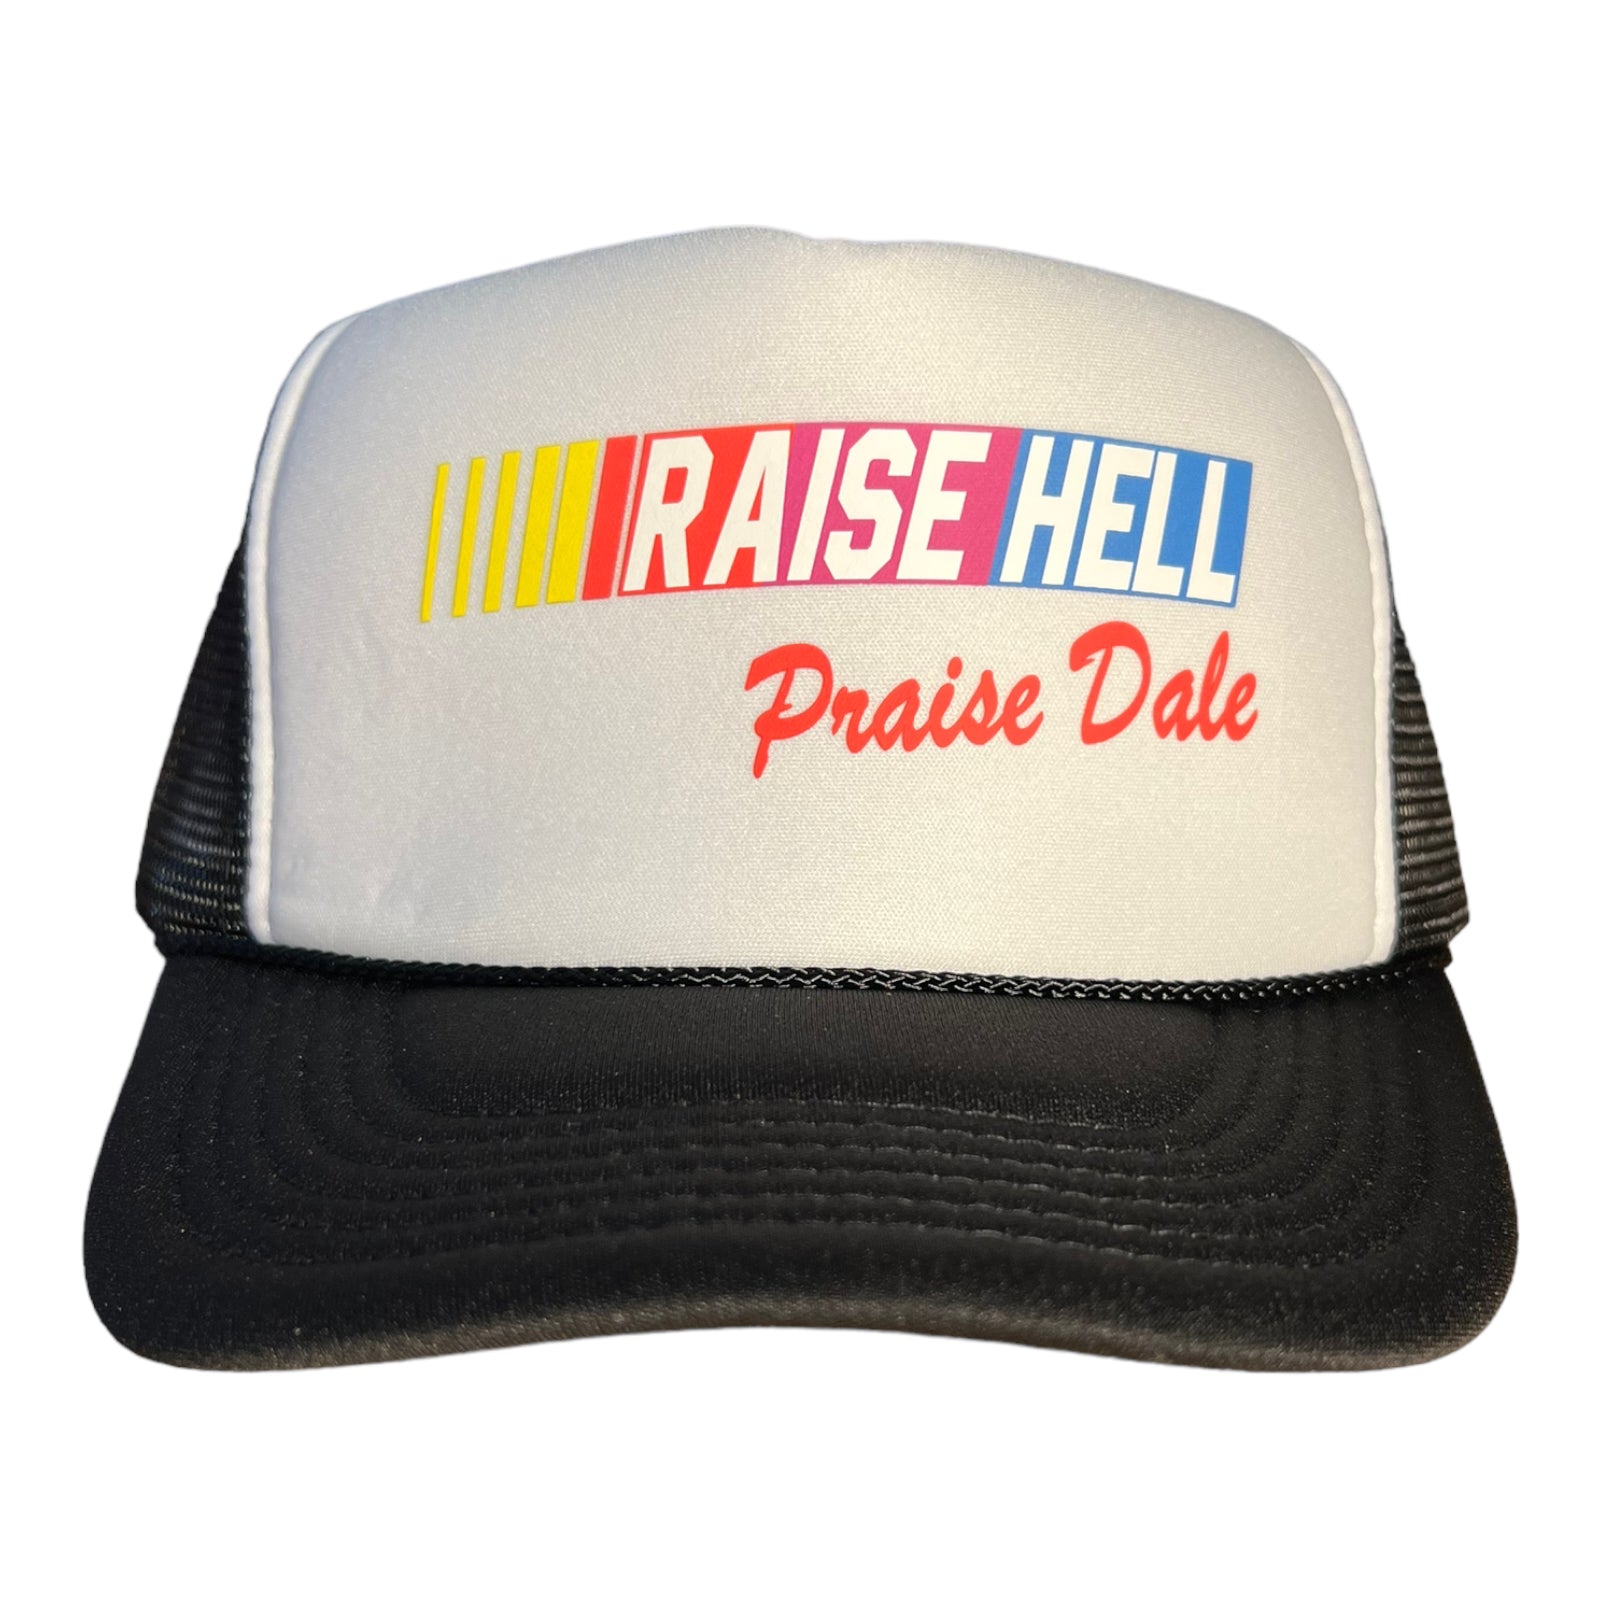 Raise Hell Praise Dale Trucker Hat Funny Trucker Hat Black/White Hat ...
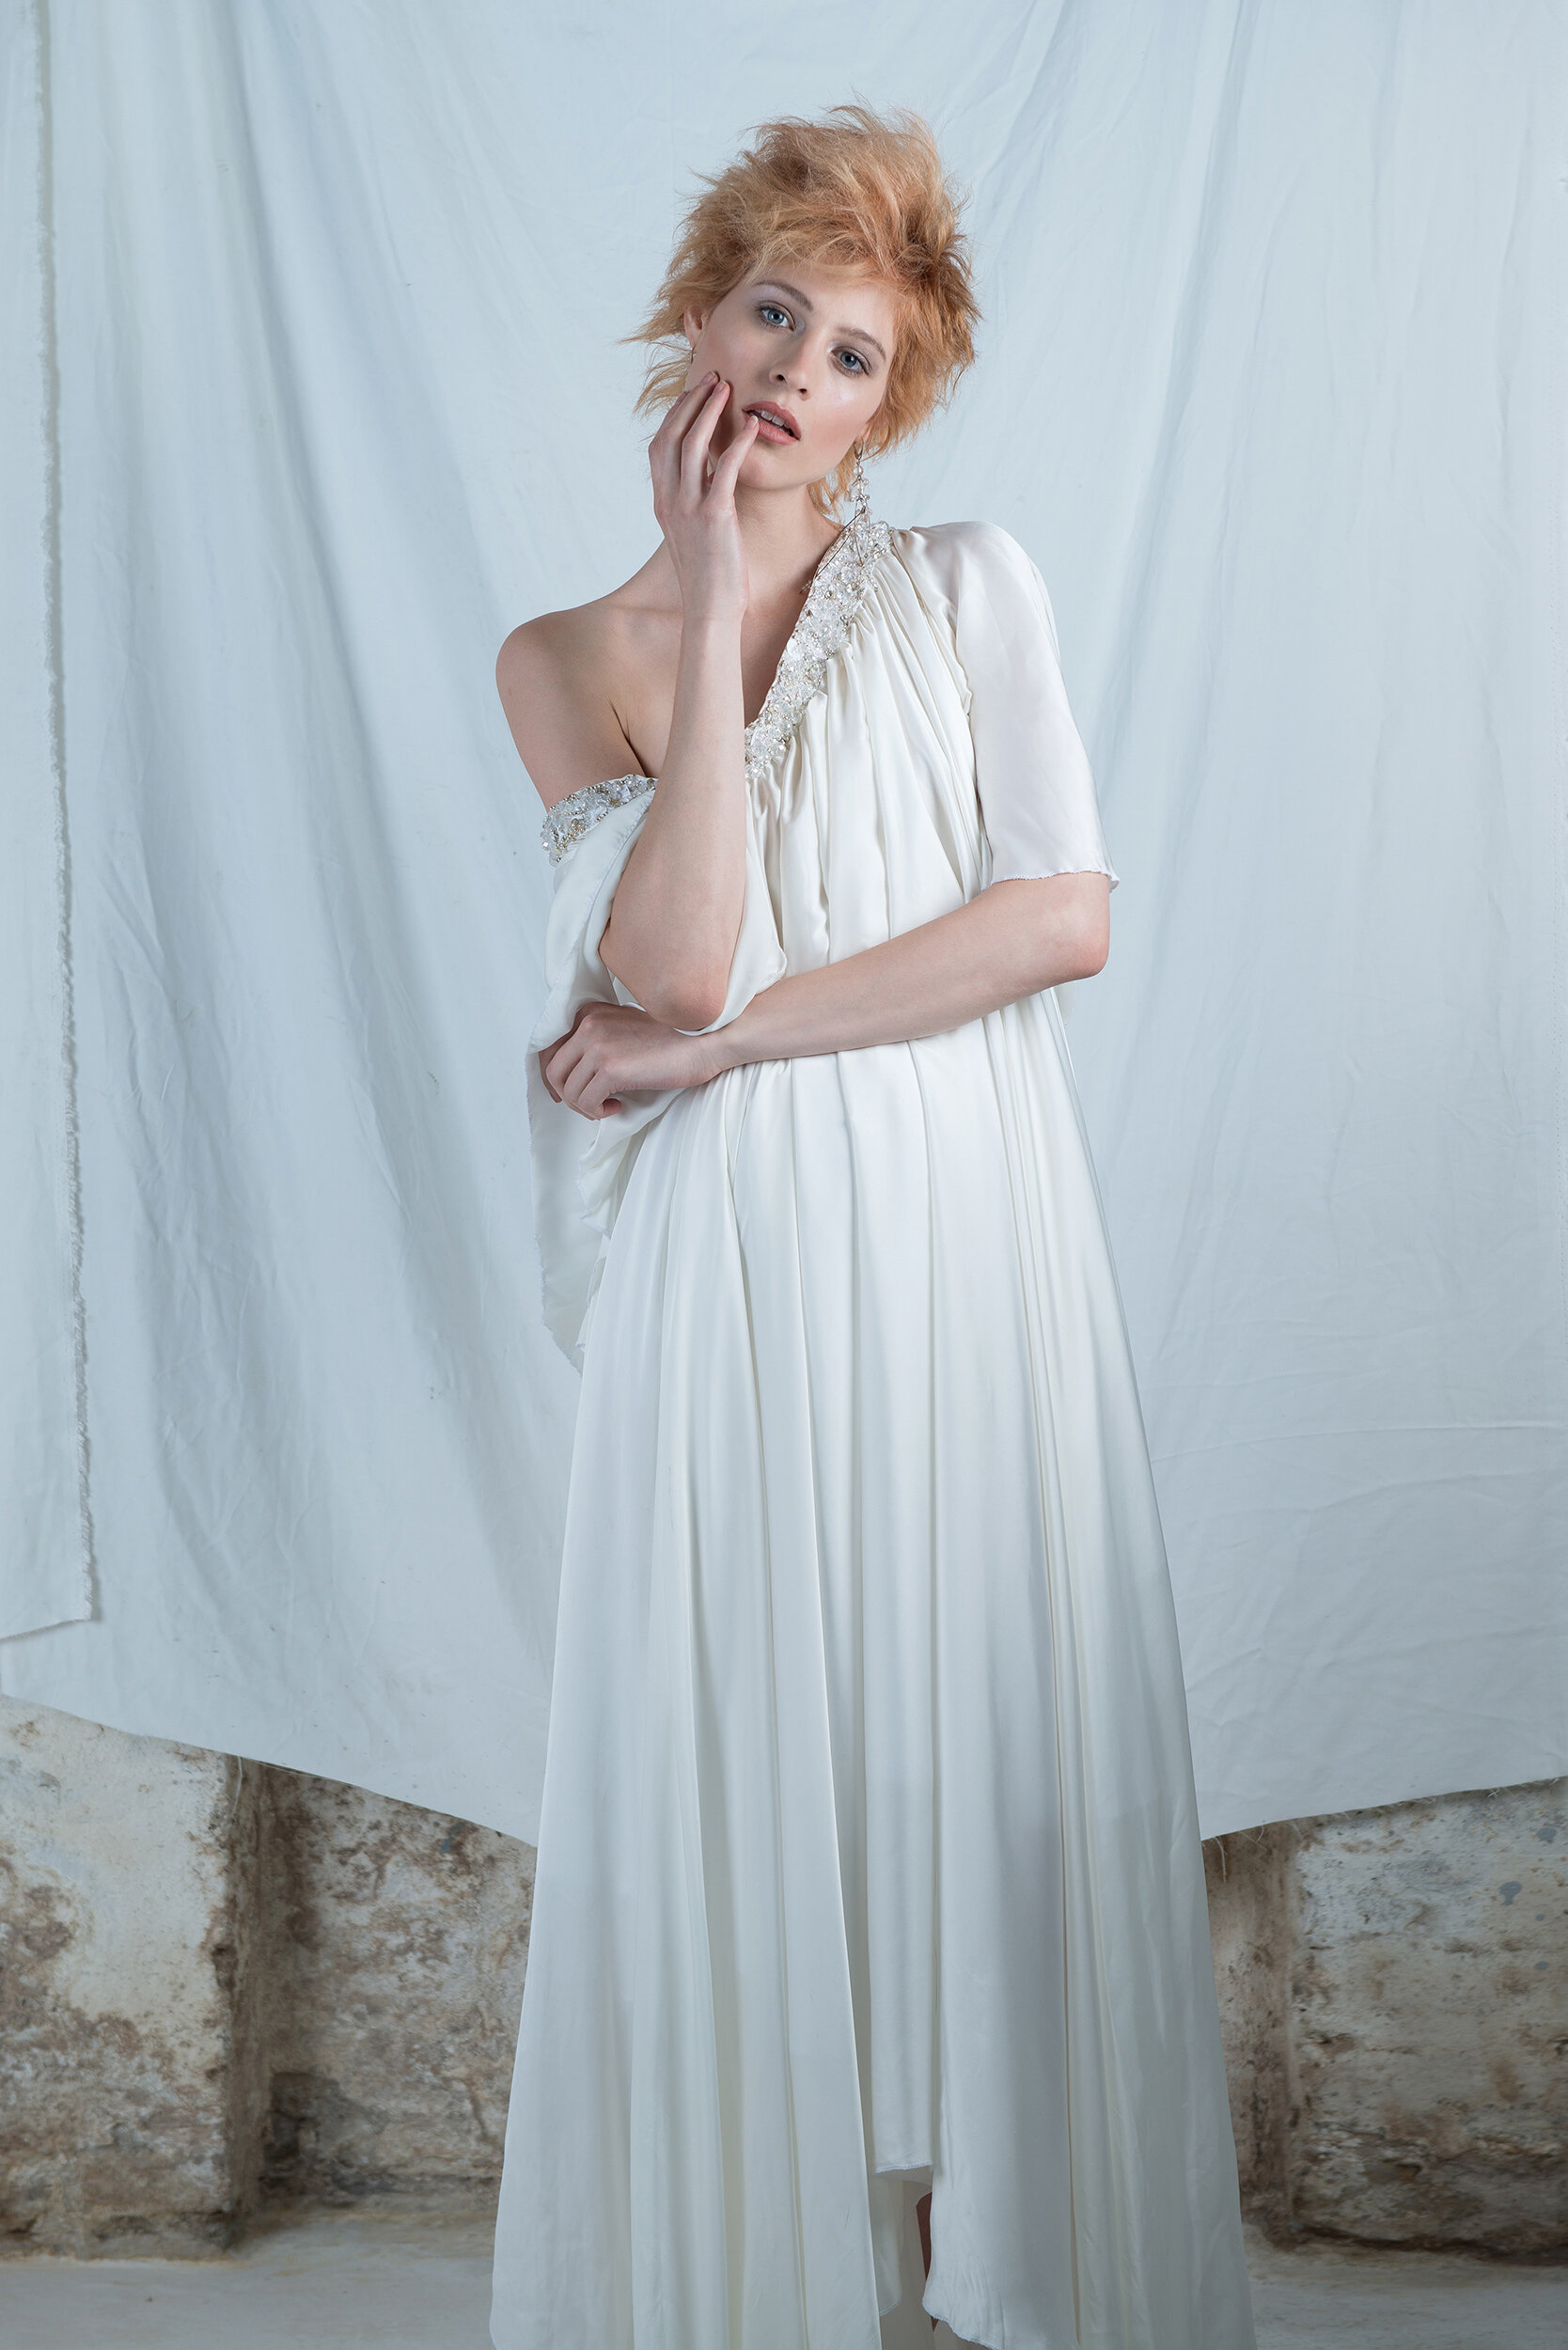 Florentina_white_dress_web_11.jpg
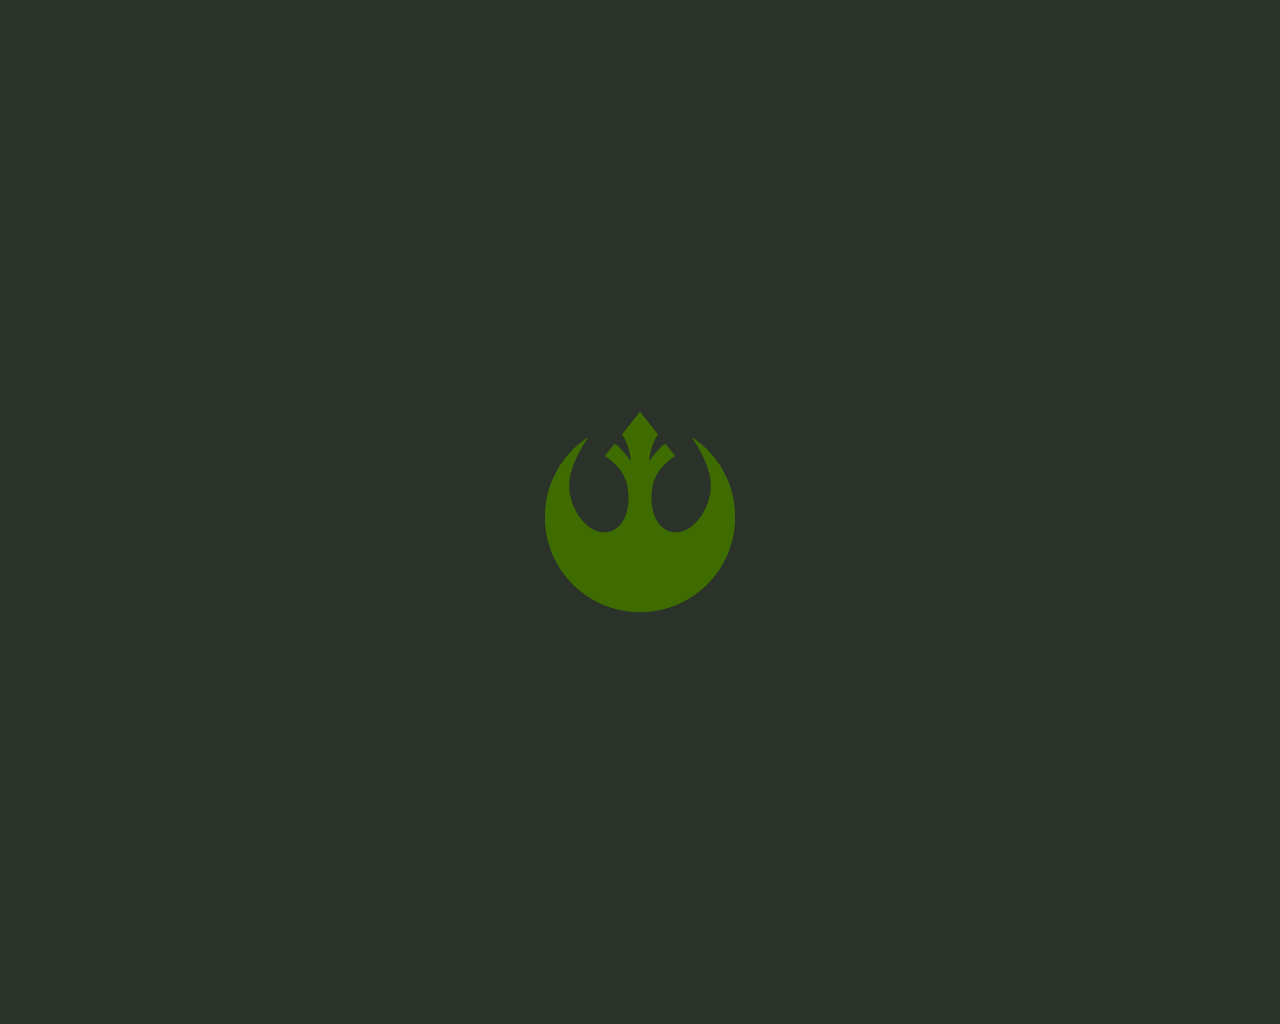 Star Wars Rebel Alliance Wallpaper By Diros
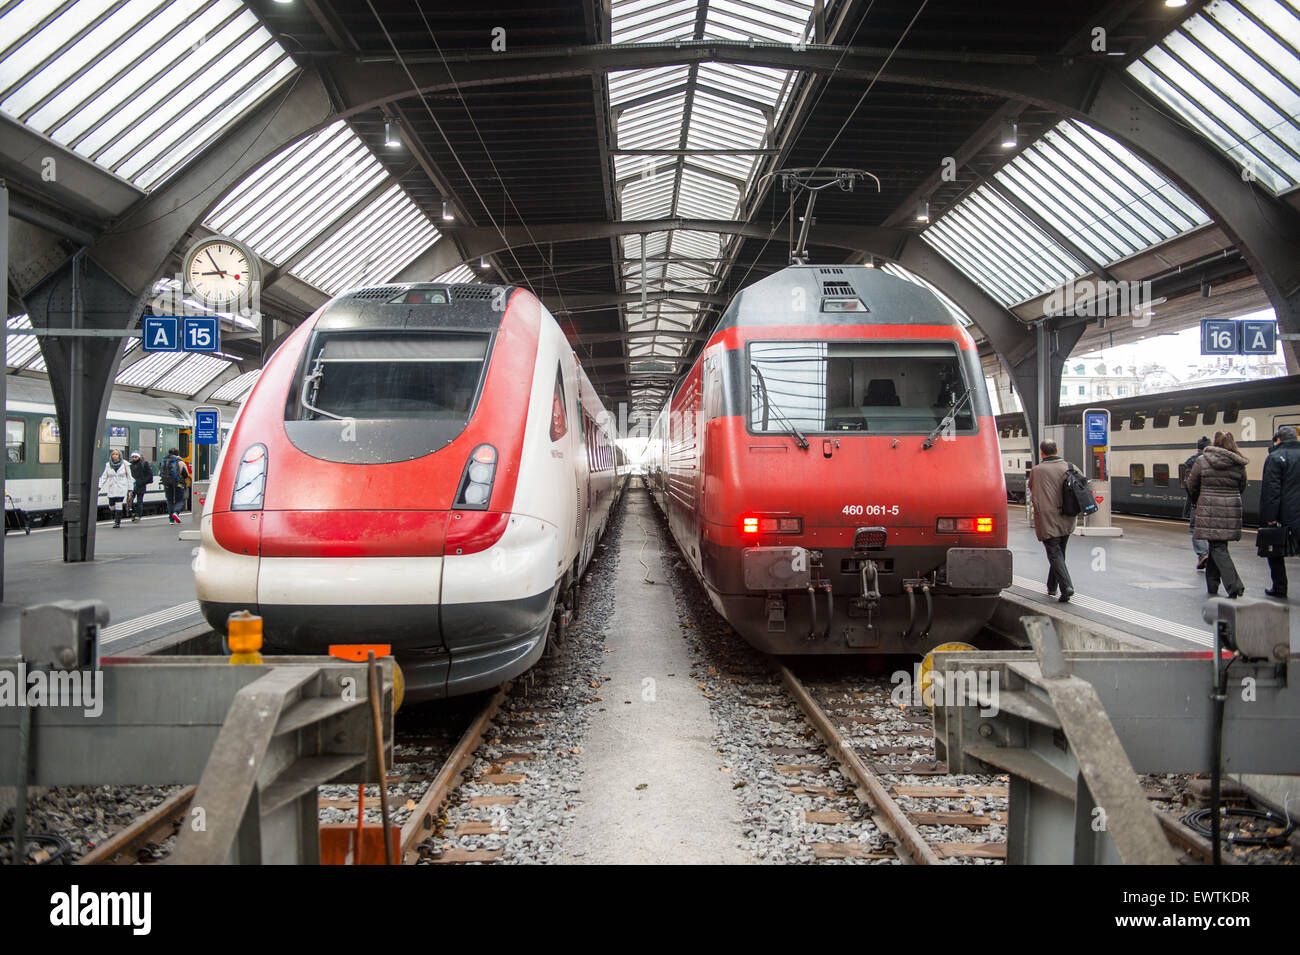 Trains at the train station in Zurich Switzerland, Europe Stock Photo

▶ [ASSIGNED TASK] Reproduce every line of the material precisely, omitting its pictures.

▶ [RESPONSE BELOW]
 Raise Hell Praise Dale Trucker Hat Funny Trucker Hat Black/White Hat ...
 Florentina_white_dress_web_11.jpg
 Star Wars Rebel Alliance Wallpaper By Diros
 Trains at the train station in Zurich Switzerland, Europe Stock Photo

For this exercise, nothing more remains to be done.